Rome took up the offer but not in terms of rescuing Byzantium – so much as regaining control of the holy places in the Levant – Jerusalem in particular. At the Council of Clermont, Urban addressed a huge crowd and urged them on to essentially kill for Christ.
The concept of just wars had been initially developed by Saint Augustine in the fifty century AD and would be extended by Bernard of Clairvaux during the ensuing crusades. Bernard advanced the ethically questionable theory that when you kill non-Christians in battle, you are killing evil and not wrong-doers – therefore, you are not committing homicide (a sin) but malecide (not a sin).

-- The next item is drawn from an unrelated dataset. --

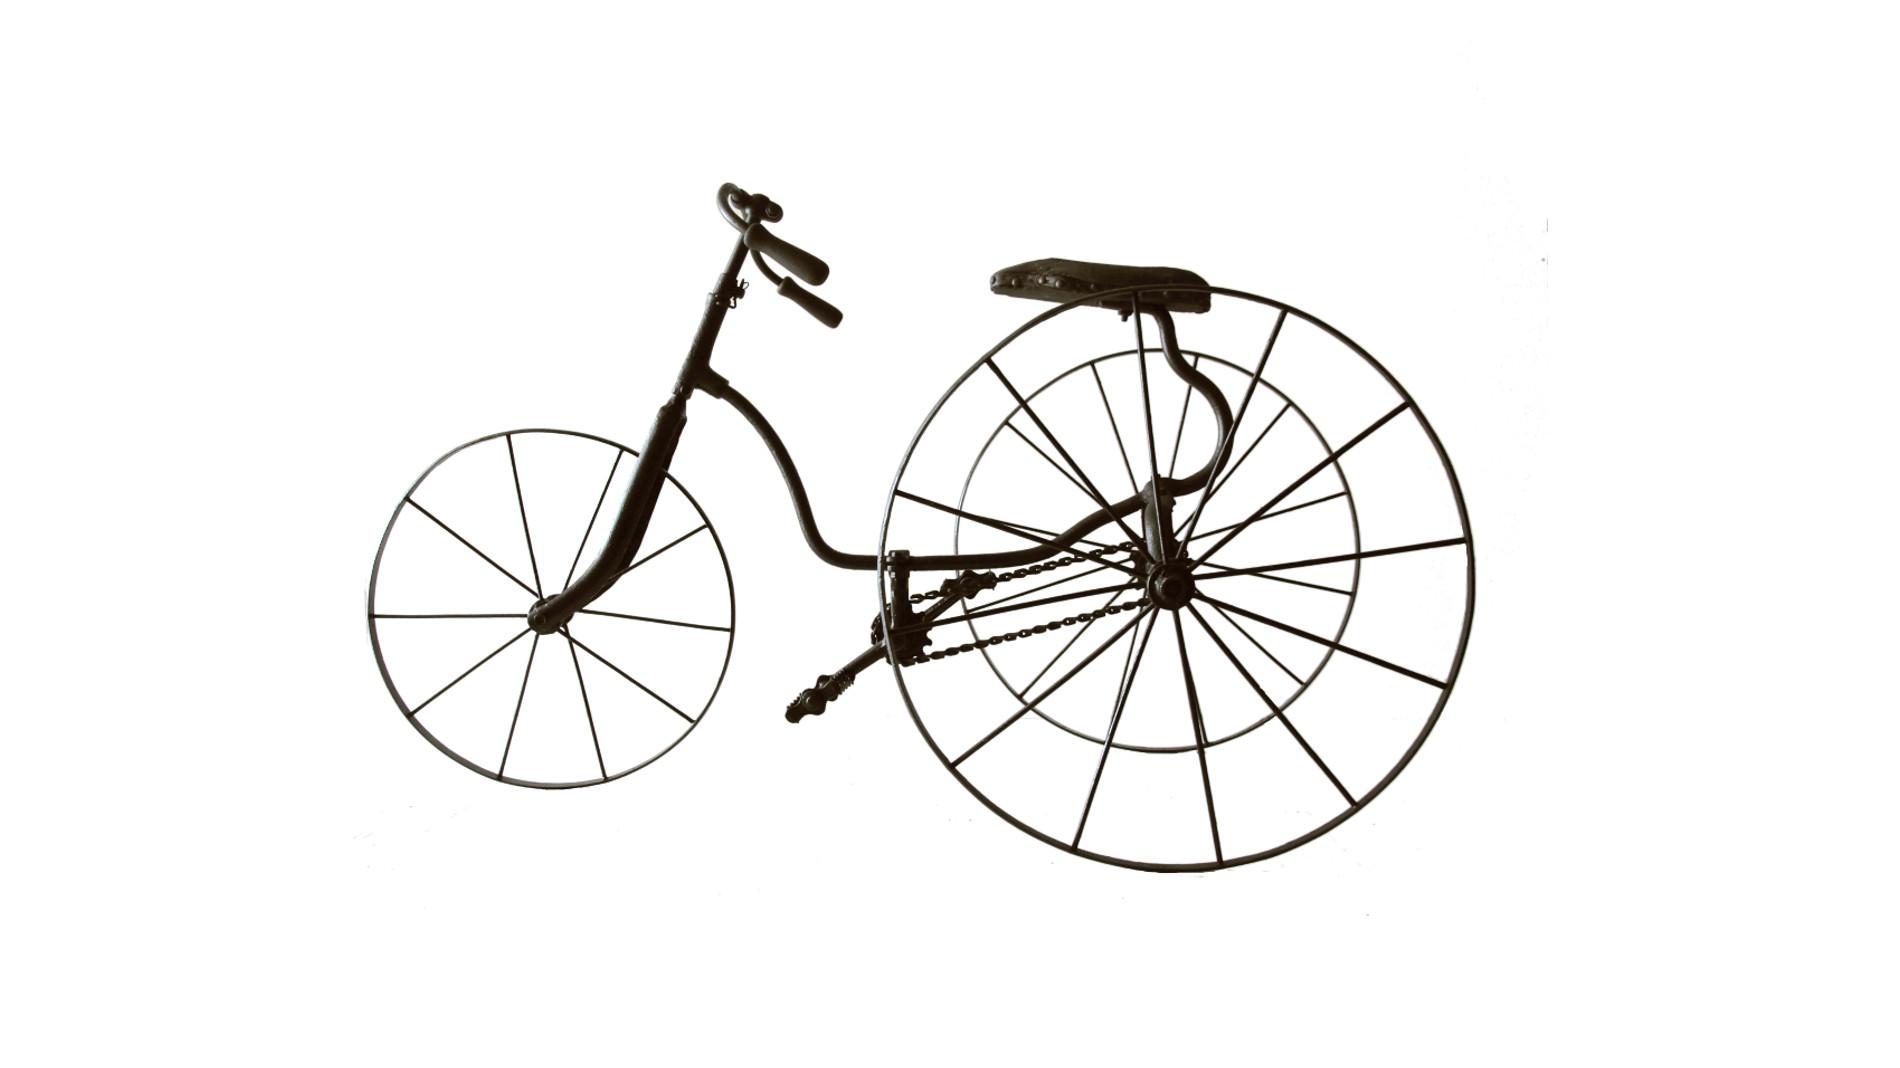 triciclo2.jpg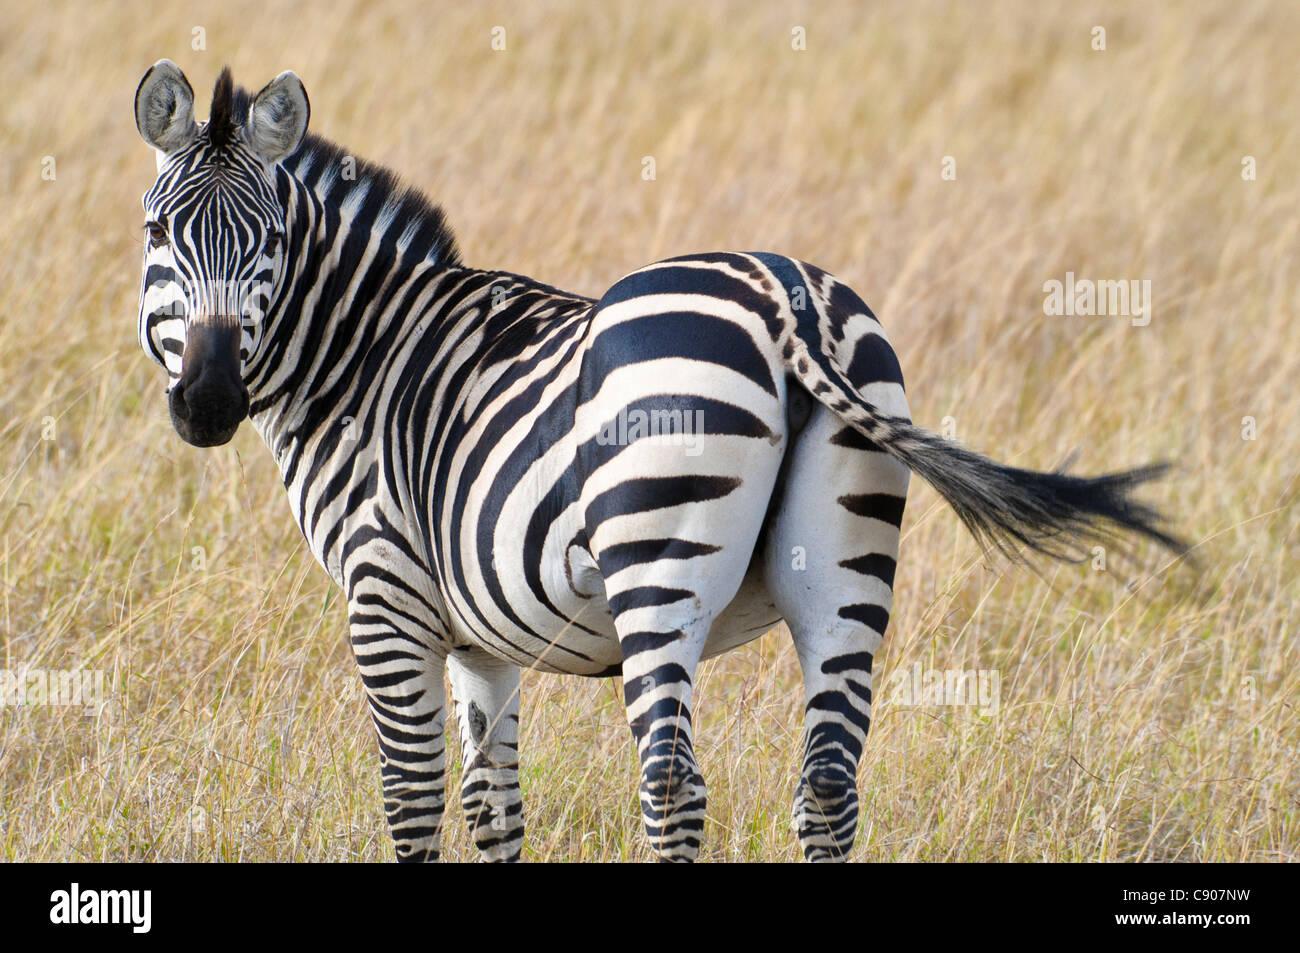 Vue arrière du le zèbre de Burchell, Equus burchellii guagga, Masai Mara National Reserve, Kenya, Africa Photo Stock

Confusing, several version of Urban’s speech exist and the nuances are different. My old friend Fulk of Chartres pops up with one account of the speech. Here’s a bit of Urban’s rousing rhetoric:
All who die by the way, whether by land or by sea, or in battle against the pagans, shall have immediate remission of sins. This I grant them through the power of God with which I am invested. O what a disgrace if such a despised and base race, which worships demons, should conquer a people which has the faith of omnipotent God and is made glorious with the name of Christ! With what reproaches will the Lord overwhelm us if you do not aid those who, with us, profess the Christian religion! Let those who have been accustomed unjustly to wage private warfare against the faithful now go against the infidels and end with victory this war which should have been begun long ago. Let those who for a long time, have been robbers, now become knights. Let those who have been fighting against their brothers and relatives now fight in a proper way against the barbarians. Let those who have been serving as mercenaries for small pay now obtain the eternal reward. Let those who have been wearing themselves out in both body and soul now work for a double honor. Behold! on this side will be the sorrowful and poor, on that, the rich; on this side, the enemies of the Lord, on that, his friends. Let those who go not put off the journey, but rent their lands and collect money for their expenses; and as soon as winter is over and spring comes, let hem eagerly set out on the way with God as their guide.
Robert the Monk’s version details some atrocities for the faithful – just to get them a little angrier:
They destroy the altars, after having defiled them with their uncleanness. They circumcise the Christians, and the blood of the circumcision they either spread upon the altars or pour into the vases of the baptismal font. When they wish to torture people by a base death, they perforate their navels, and dragging forth the extremity of the intestines, bind it to a stake; then with flogging they lead the victim around until the viscera having gushed forth the victim falls prostrate upon the ground. Others they bind to a post and pierce with arrows. Others they compel to extend their necks and then, attacking them with naked swords, attempt to cut through the neck with a single blow. What shall I say of the abominable rape of the women? To speak of it is worse than to be silent.
The result of all this – the badly organised First Crusade that would give rise to the foundation of the Order of the Temple.